The data set used to train this flow is available in the `examples` module:
>>> from pzflow.examples import two_moons_data
>>> data = get_twomoons_data()
This flow was created with pzflow version {pzflow.__version__}
"""
print(flow.info)
This is an example flow, trained on 100,000 points from the scitkit-learn two moons data set. The data set used to train this flow is available in the `examples` module: >>> from pzflow.examples import two_moons_data >>> data = get_twomoons_data() This flow was created with pzflow version 3.1.0
Now let's save the flow to a file that can be loaded later:
flow.save("example_flow.pzflow.pkl")
This file can be loaded on Flow instantiation:
flow = Flow(file="example_flow.pzflow.pkl")
Tracking the validation loss¶
Often in machine learning applications, we want to track validation loss as we train to make sure that we don't overfit. This is very easy to do with PZFlow. Below, we will repeat the training above, except this time we will provide a validation set to the training function.

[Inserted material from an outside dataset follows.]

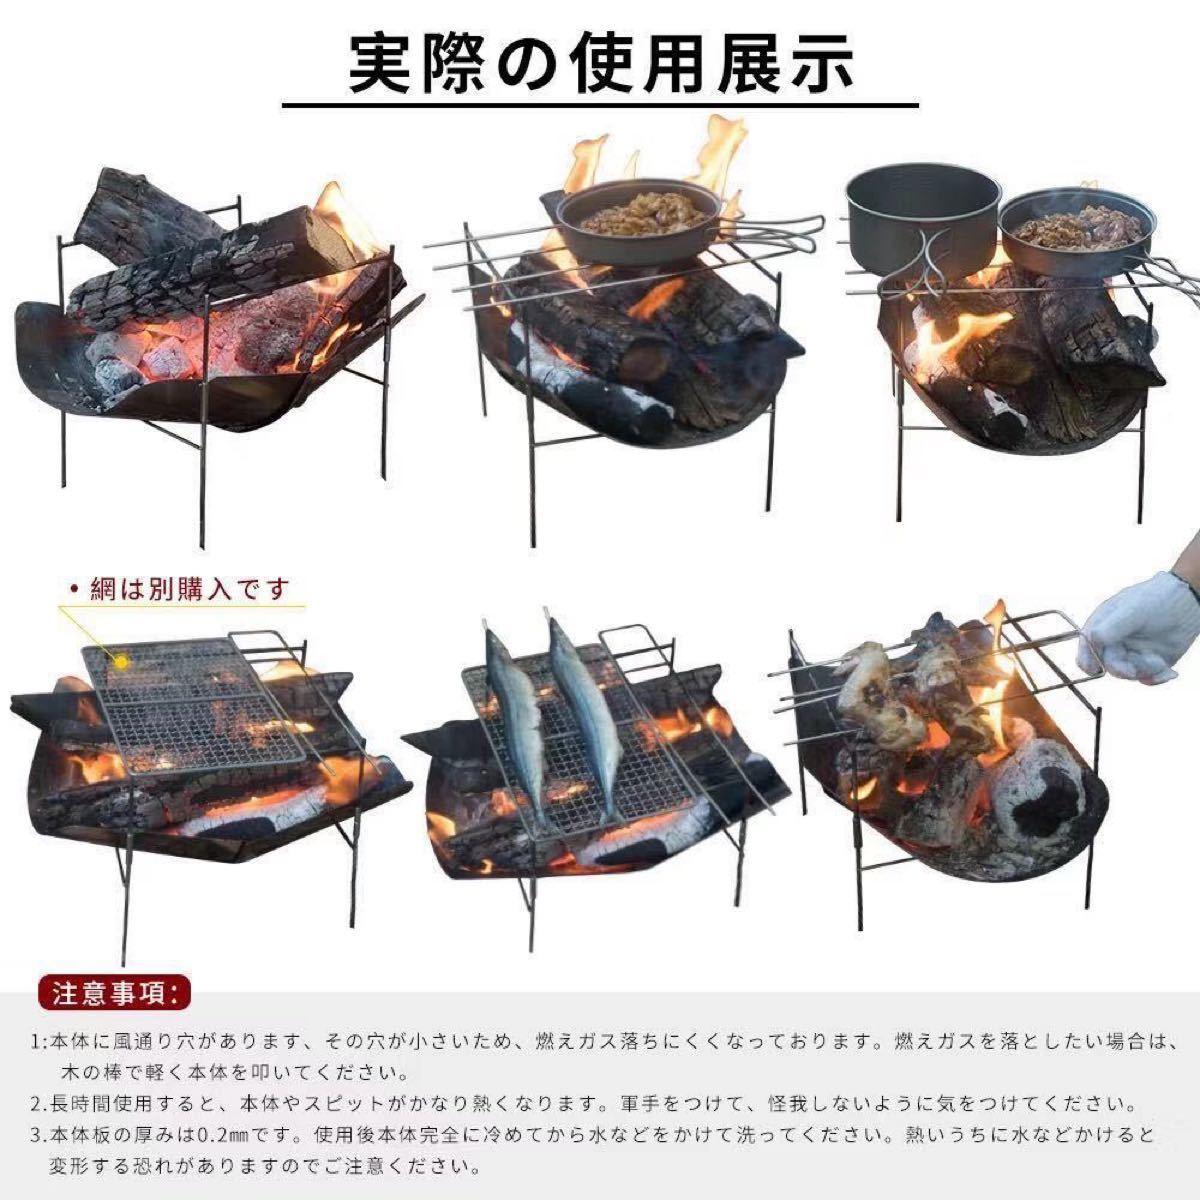 最安値!!焚き火台 小型 バーベキューコンロ スピット(串) 3本付 焚火台 アウトドアコンロ ソロキャンプ

First, let's split the data set into a training and validation set:
# 80% for the training set
train_set = data[: int(0.8 * len(data))]
# 20% for the training set
val_set = data[int(0.8 * len(data)) :]
%%time
flow = Flow(["x", "y"])
train_losses, val_losses = flow.train(train_set, val_set, verbose=True)
Training 100 epochs Loss: (0) 2.3199 2.3266 (1) 0.8355 0.8384 (6) 0.3615 0.3666 (11) 0.3367 0.3402 (16) 0.3243 0.3289 (21) 0.3074 0.3112 (26) 0.3118 0.3160 (31) 0.3527 0.3557 (36) 0.3215 0.3239 (41) 0.3218 0.3250 (46) 0.3075 0.3121 (51) 0.3153 0.3196 (56) 0.3564 0.3570 (61) 0.3089 0.3132 (66) 0.3024 0.3075 (71) 0.3291 0.3334 (76) 0.3014 0.3073 (81) 0.3025 0.3098 (86) 0.3099 0.3153 (91) 0.3163 0.3203 (96) 0.2967 0.3035 (100) 0.3042 0.3093 CPU times: user 3min 45s, sys: 43.2 s, total: 4min 28s Wall time: 1min 22s
Now during training, the training losses are printed on the left, and the validation losses on the right.
Let's plot the losses again:
plt.plot(train_losses, label="Training")
plt.plot(val_losses, label="Validation")
plt.legend()
plt.xlabel("Epoch")
plt.ylabel("Loss")
plt.show()
In this example, the validation loss closely tracks the training loss. This is expected, since both sets were drawn from the same distribution.
Note that by default, PZFlow will use the parameters corresponding to the epoch with the lowest validation loss.